TASK DETAILS:
Beginning with the line that contains "Empleado de Eurocontrol", transcribe the rest of the listing below exactly, including its last line, and exclude any pictures.

GIVEN DATA:
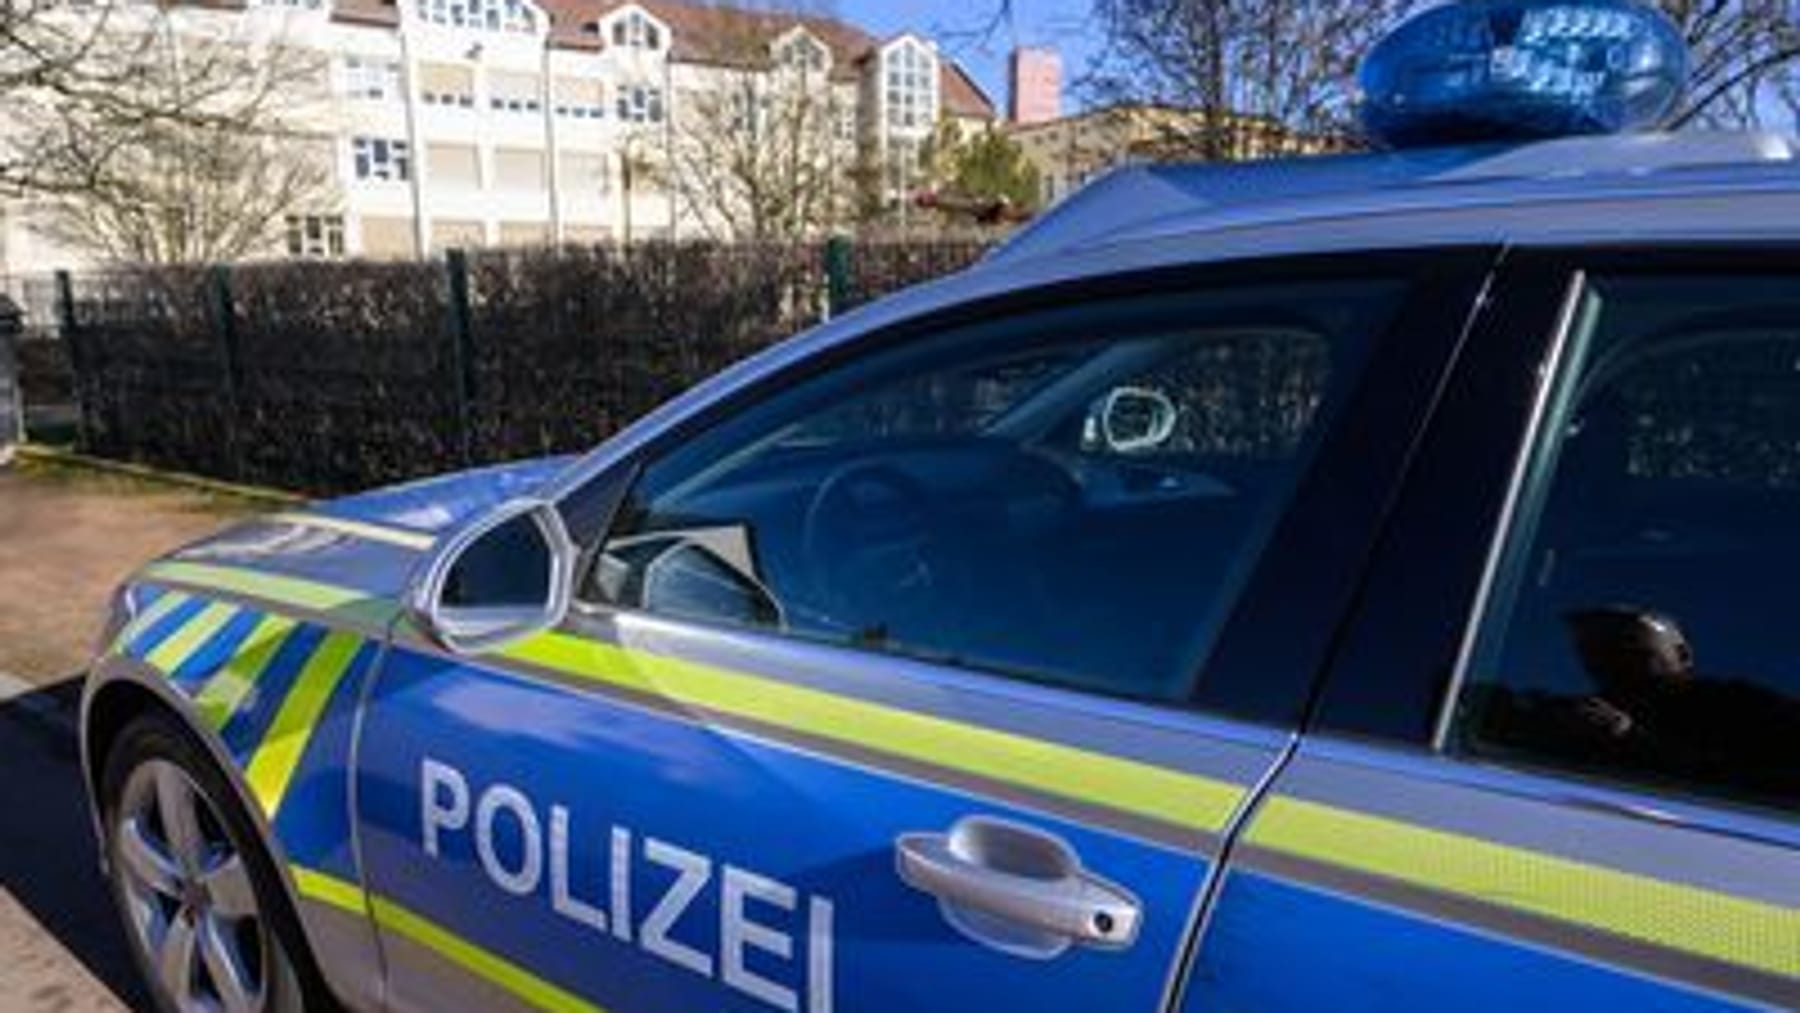 Angriff in München: Polizisten an Tankstelle von 
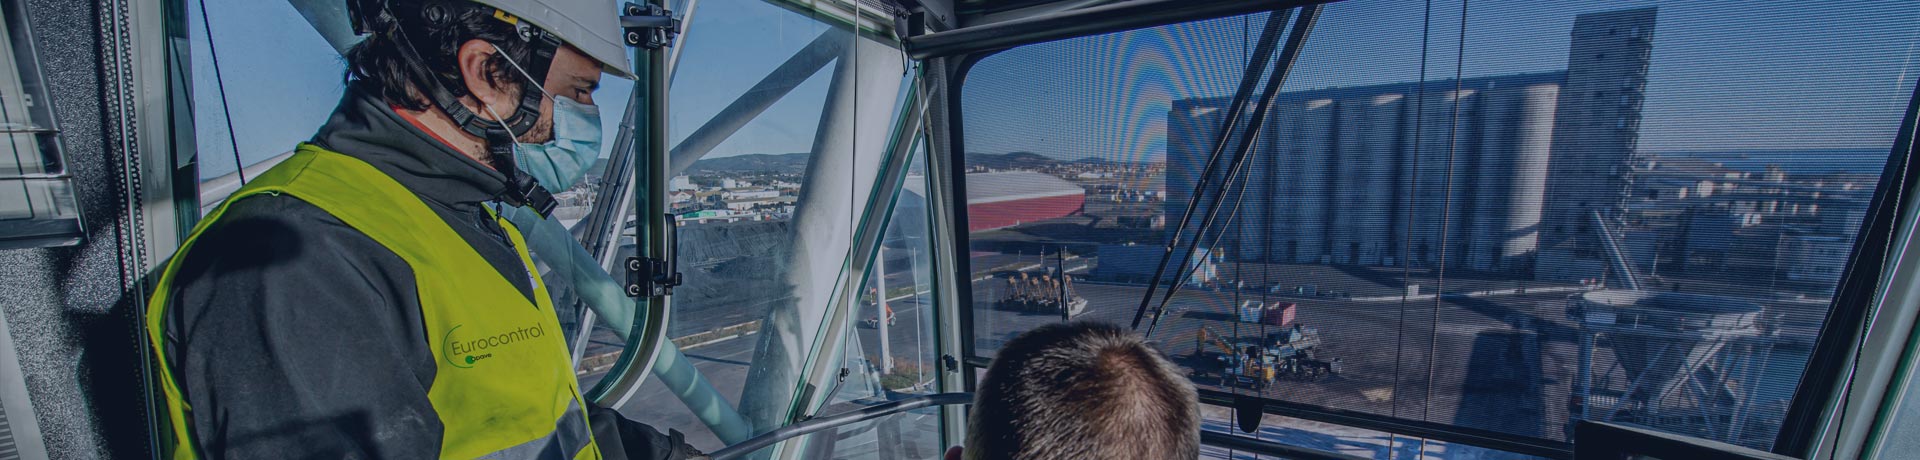 Empleado de Eurocontrol acompañando a un cliente en un trabajo de control en una grúa portuaria
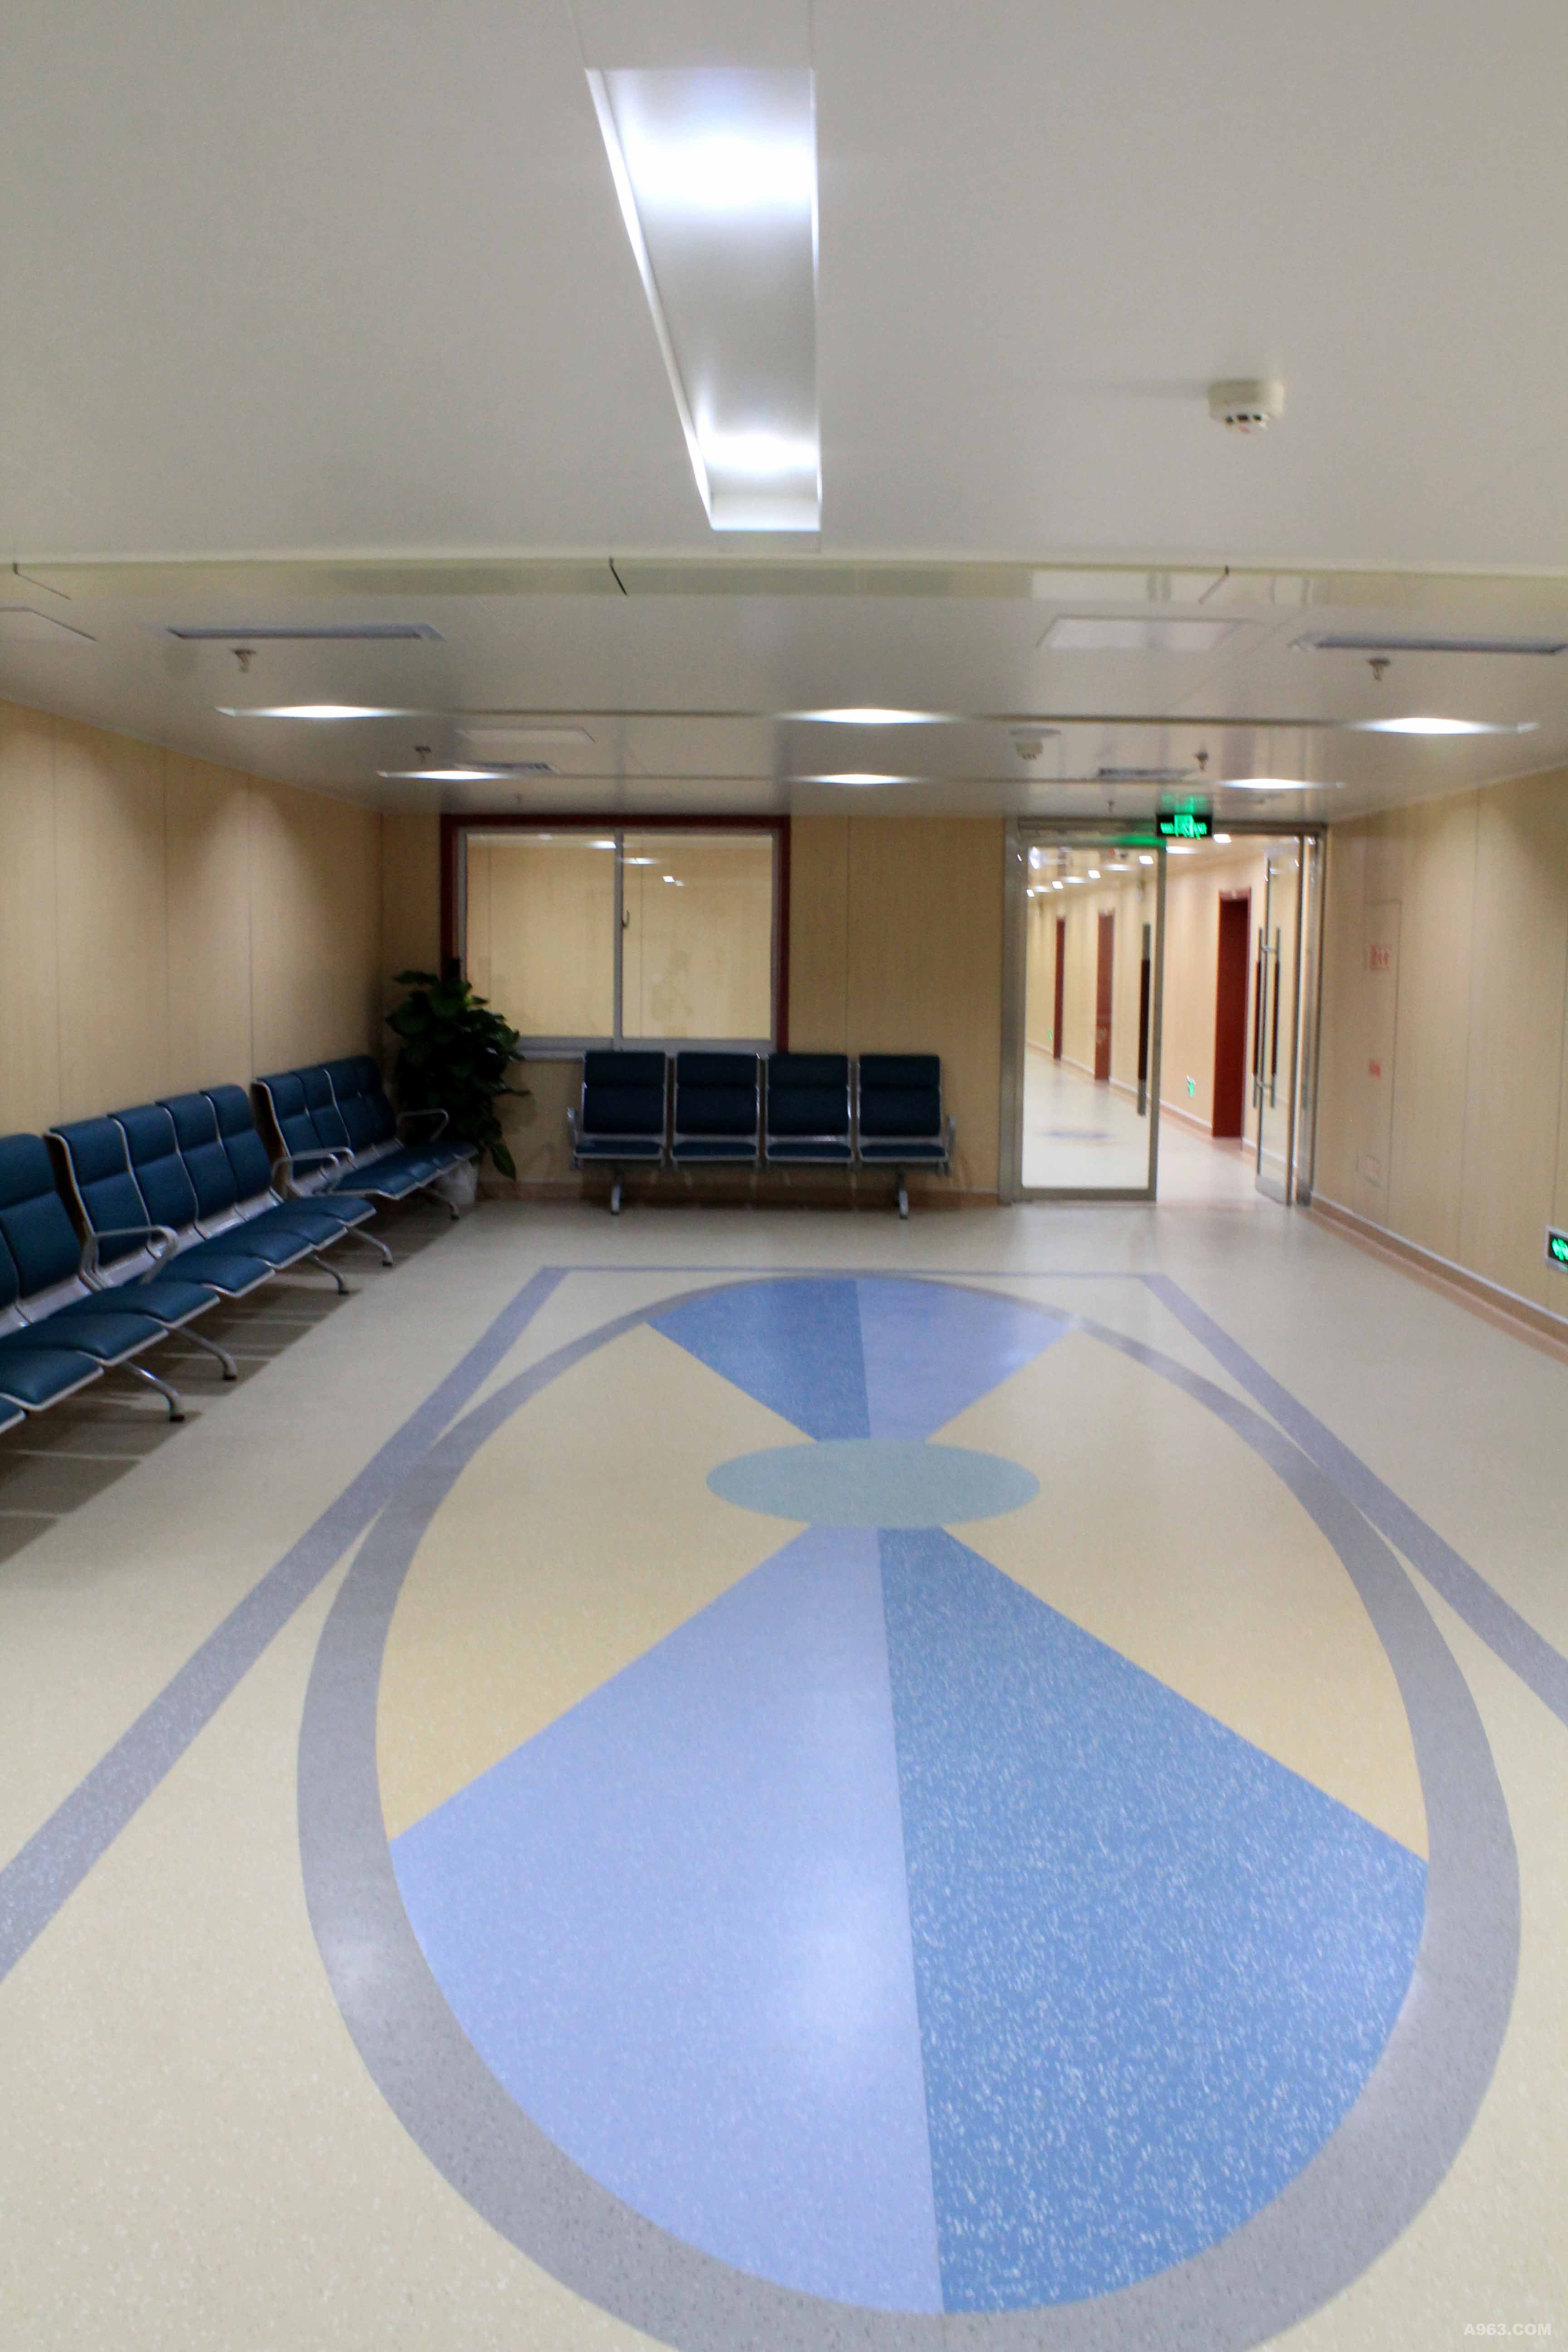 枣庄市立医院西院区整体装饰设计方案说明

PROBLEM SOLUTION:
 Empleado de Eurocontrol acompañando a un cliente en un trabajo de control en una grúa portuaria
 枣庄市立医院西院区整体装饰设计方案说明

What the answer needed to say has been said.